Las reglas en la cárcel son las mismas que en la calle; adentro se necesita billete, con dinero se puede pagar para que no lo bajen al patio y no se corra tanto peligro, se puede comprar la comida que hacen en el patio de los narcos, comida de primera, y evitar comer la comida que hacen en el penal que tiene más de un químico para inhibir el deseo sexual de los reclusos.
Nohora ya no puede visitar a su Andrés todos los días, como cuando estaba en la permanente, al principio iba cada ocho días, después empezó a ir cada quince y ahora hace más de un mes que no va por allá, dice que lo que pasa es que vuelve vuelta mierda de ese lugar, que es como ir al cementerio a visitar a un muerto que no esta muerto, y eso la acaba más que nada en la vida.
7
A Nohorita la cogieron en una redada acá en el centro hace un par de días y no se sabe nada de ella desde entonces. Unos ñeros dicen que a Nohorita la desaparecieron por atravesada y por no dejarse hacer lo que los tombos querían, que en últimas terminaron haciendo lo que ellos querían y después matándola y desapareciendo el cadáver.
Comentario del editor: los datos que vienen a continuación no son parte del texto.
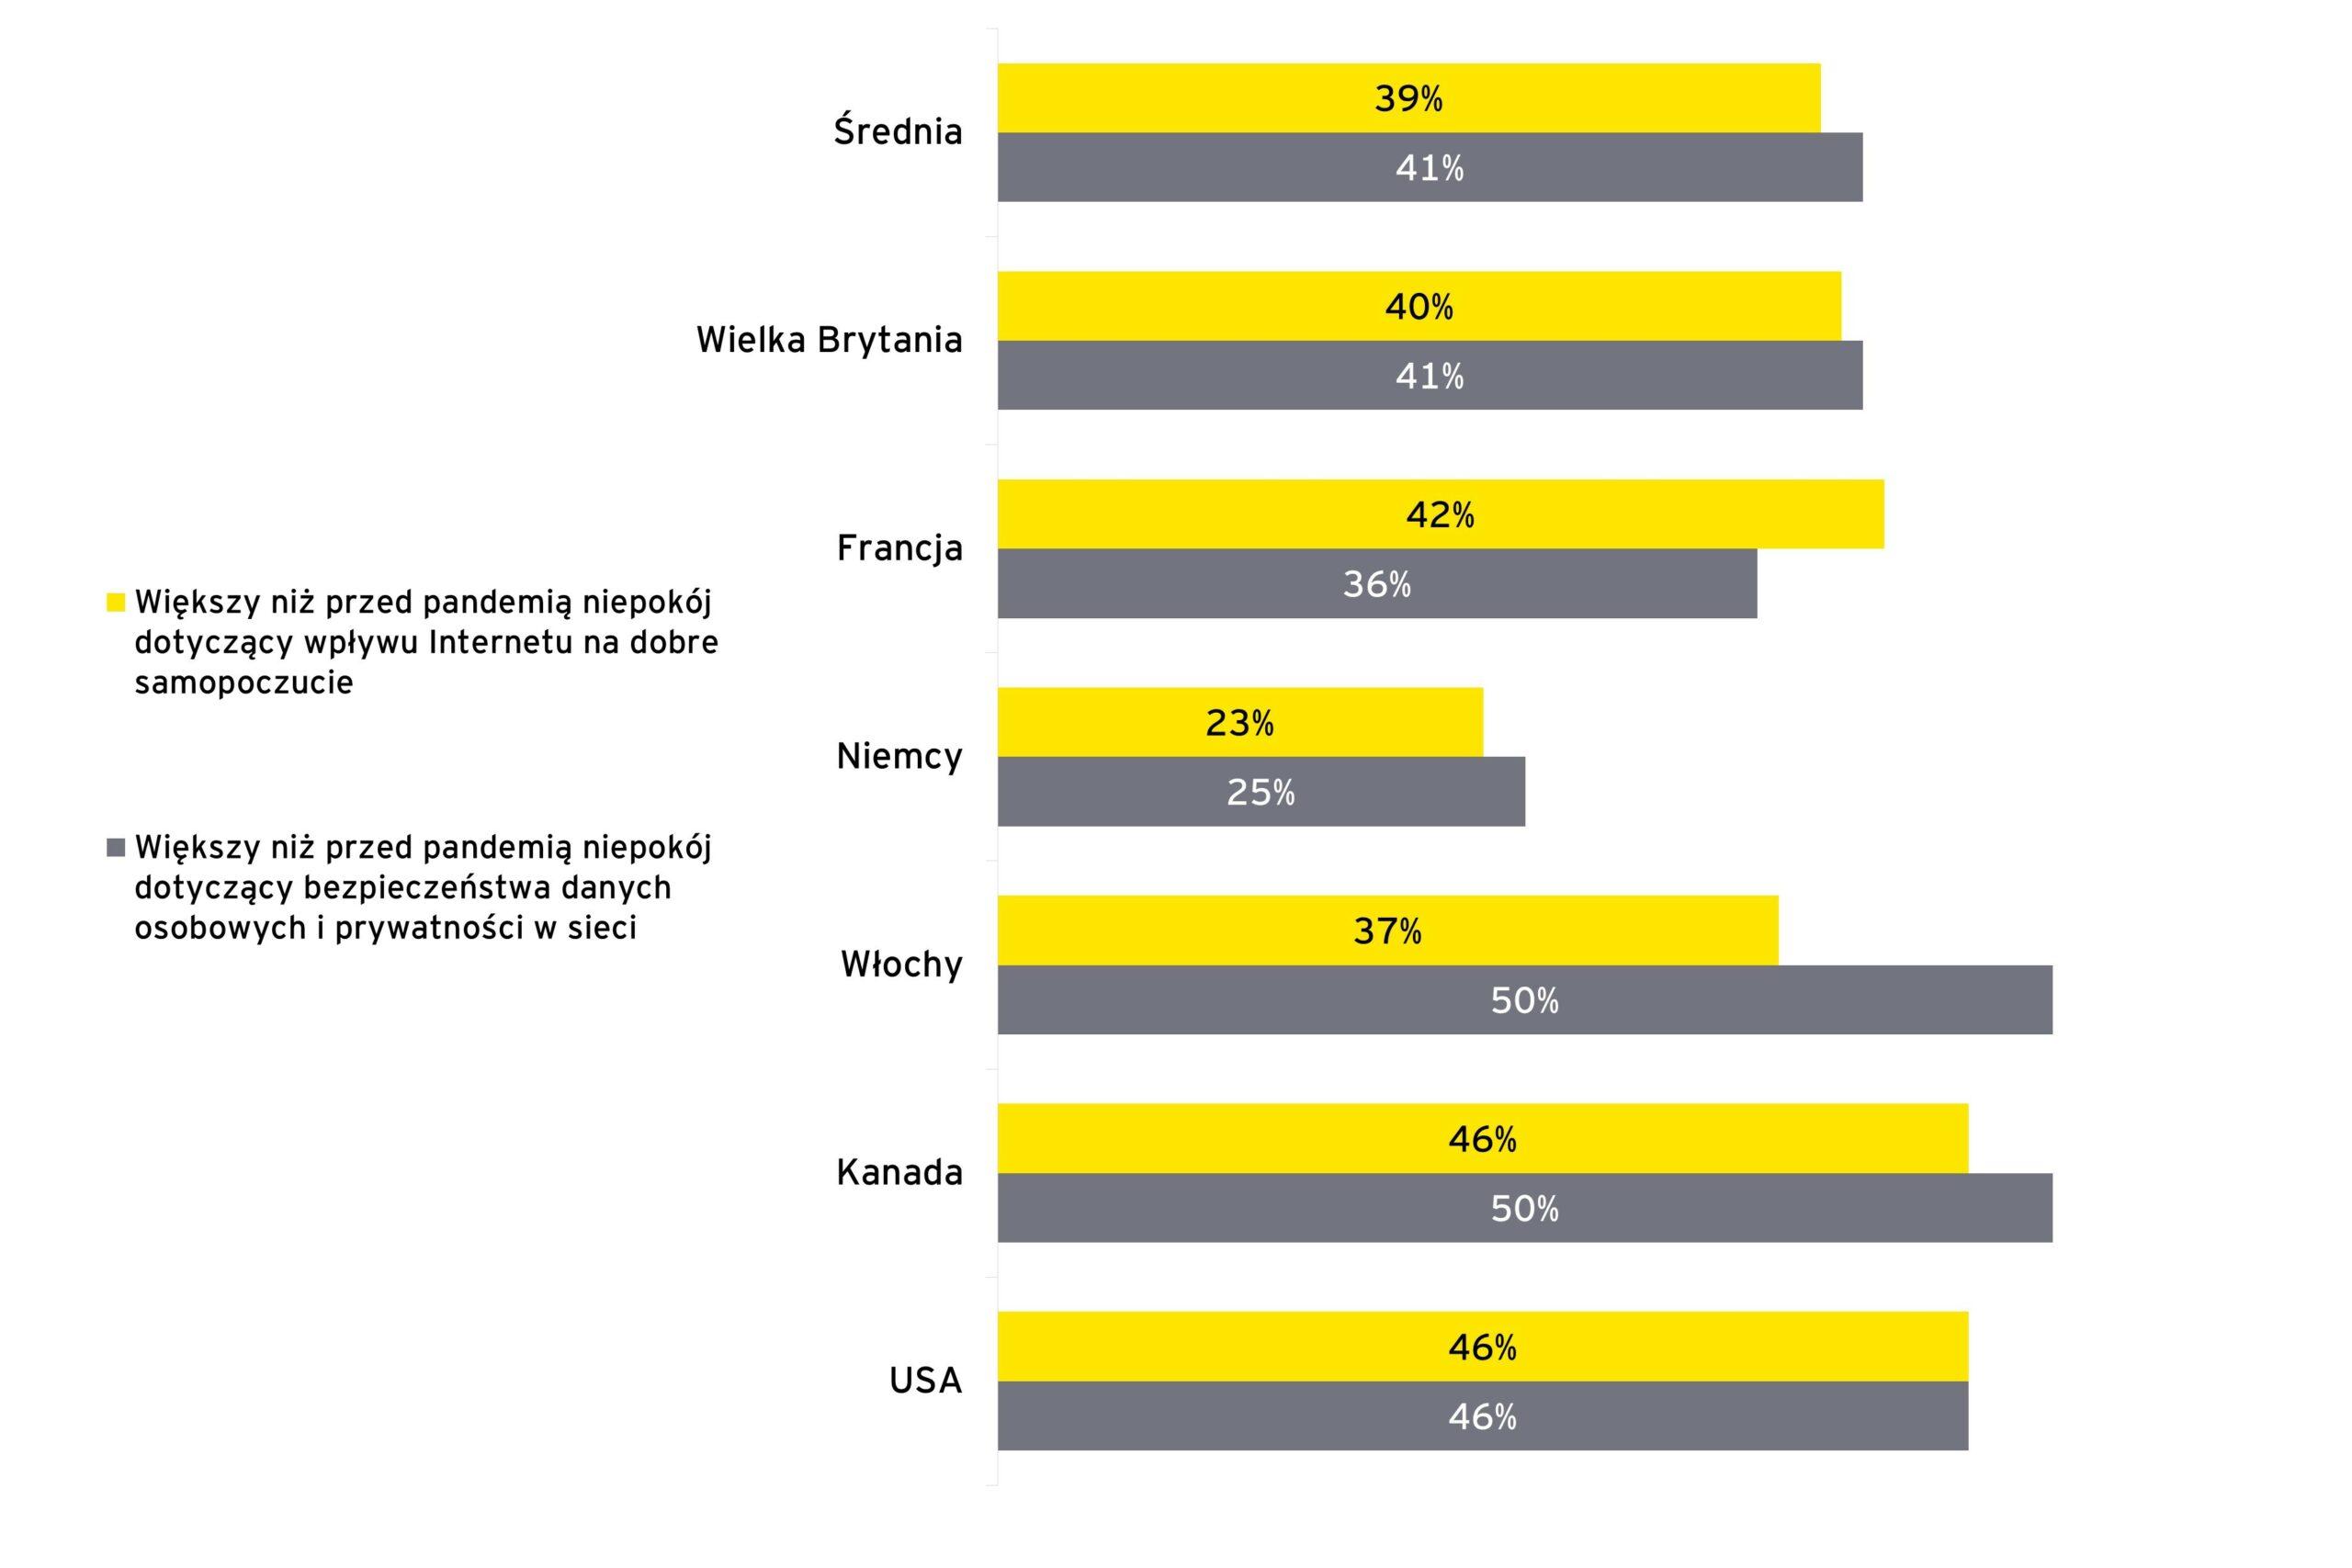 Wpływ pandemii na zaufanie i dobre samopoczucie w kanałach cyfrowych

Ni idea si el amuleto que siempre llevaba en el pecho esta vez no le funcionó y como le profetizaron cuando le leyeron el cigarrillo el día que cumplió los quince años, los problemas más serios los tendría con la autoridad, y las posibles soluciones también. Todo estaba en cómo ella lo decidiera. Puro Libre Albedrío. En el parche dicen que Nohorita quedó como el gato de su amuleto: tieso.
Andrés pagó su condena y cuando salió buscó por todas partes y nunca más supo algo de su Nohorita. Fue como si se la hubiera tragado la tierra, o lo que es peor, como si se la hubieran tragado las celdas...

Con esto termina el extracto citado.